Reencarnarse en una lavadora

Hace unas semanas recordé que las paredes no siempre han estado coloreadas a golpe de brocha. En algunos lugares donde importa poco el paso del tiempo, las casitas se siguen pintando con la colada diaria, vistiéndose con la épica ropa que nos abandona por las noches, cuando no queremos llegar todavía a casa.
Ver prendas tendidas por las ventanas es hacer público tu número de hermanos y las tallas que gasta su dignidad. Hacía tiempo que no encontraba un acto humano que desabroche la camisa de la vergüenza tan eminente como dejar la ropa a secar cerca de los balcones.
Y comprobé semejante teoría en el viaje al tenderete de los besos lusos. Me di cuenta, paseando por las calles del pueblo, que las coladas eran completamente sensatas: ropa blanca con ropa blanca, vaqueros con vaqueros y lo demás, tendido de una sóla tacada, en maravilloso desorden. Y comprendí entre disparo y disparo fotográfico, que nos encanta ordenar la ropa recién lavada porque somos incapaces de hacer lo propio con la vida, que no entiende payasos de micolores.
Lo que colgaba de las paredes de las casas parecía, por una parte, una carta de presentación para los vecinos pero realmente era la huella dactilar del esfuerzo de un pueblo dedicado a coger sardinas. Se podía oler por la calle la lavada, ver los restos de vida completamente nueva que dejaba la máquina automática, tocar la limpieza de alma que le hacía a las camisetas, que son las que más se manchan por estar más cerca del corazón.
Es parte de nuestro destino limpiar lo que hemos sido. Si tuviera que reencarnarme algún día en algo lo haría en una lavadora semiautomática (todo lo «semi» es como más interesante) De hecho la analogía entre la lavadora y la vida, si se fijan, es casi perfecta: las personas damos vueltas con cosas dentro para intentar lavarlas y el objetivo es que acabe todo limpio, aunque siempre quedan camisas con alguna mancha, o calcetines que deberíamos haber tirado,...pero los volvemos a meter en la máquina.
Y cuando pasa el tiempo la lavadora suena cada vez peor y duele; y yo, en aquel pueblecito portugués, supe a qué sonaba el dolor: a sonido de cuerda recién pisada entre verso y verso de un fado, cerca de la mismísima orilla del mar. Si lo hubiera sabido antes no hubiera compuesto tantos poemas, no le hubiera dedicado tanto tiempo a los versos que escriben los estudiantes en las puertas de los retretes de los bares, no hubiera desperdiciado tantas lágrimas por las esquinas los días que más llovía.
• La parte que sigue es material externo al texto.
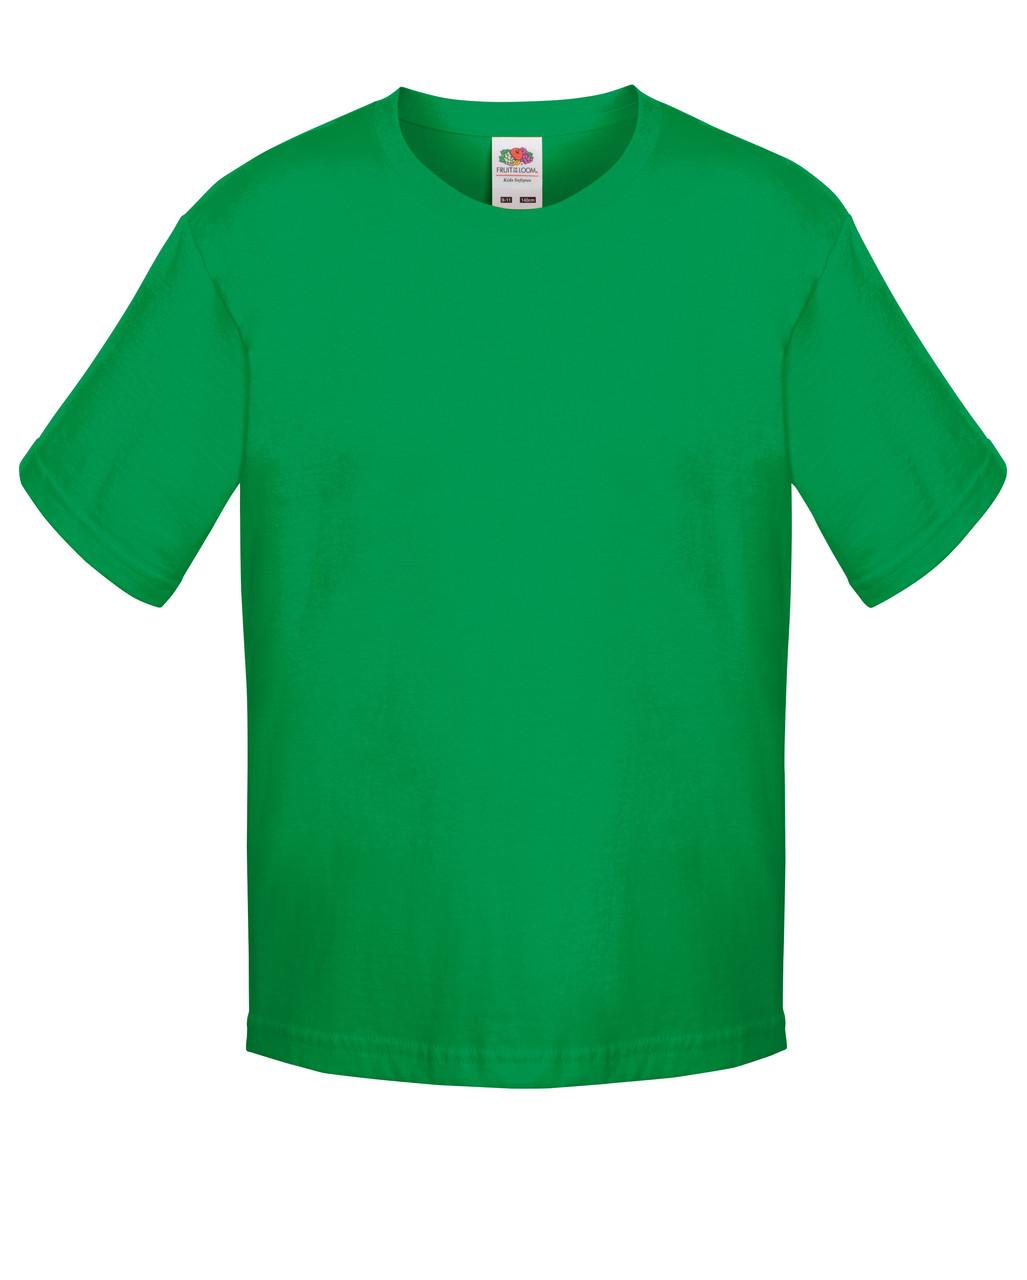 Детская футболка Мягкая для Мальчиков Ярко-зелёная Fruit of the loom 61-015-47 7-8

Dice la canción, «Por una lágrima tuya yo me dejaría matar»,...yo haría lo mismo si me dieran la oportunidad de reencarnarme en una lavadora.

3 comentaris:

Anònim ha dit...

No descubro nada si digo que los detalles más pequeños precisamente son los que más se nos quedan clavados en la pupila. Y digo clavados y no pegados porque sé lo que me digo. Esta sociedad avanzada por la que caminamos, este primer mundo del que tan bien hablan aquellos de los mundos de hasta atrás, se va encargando pausadamente de borrar como es debido lo que considera que ya no nos hace falta. Y en su afán por dárnoslo todo como se le da todo a los hijos adorados, se va guardando en los bolsillos del descuido aquello por lo que quizás sea lo único que merezca la pena vivir.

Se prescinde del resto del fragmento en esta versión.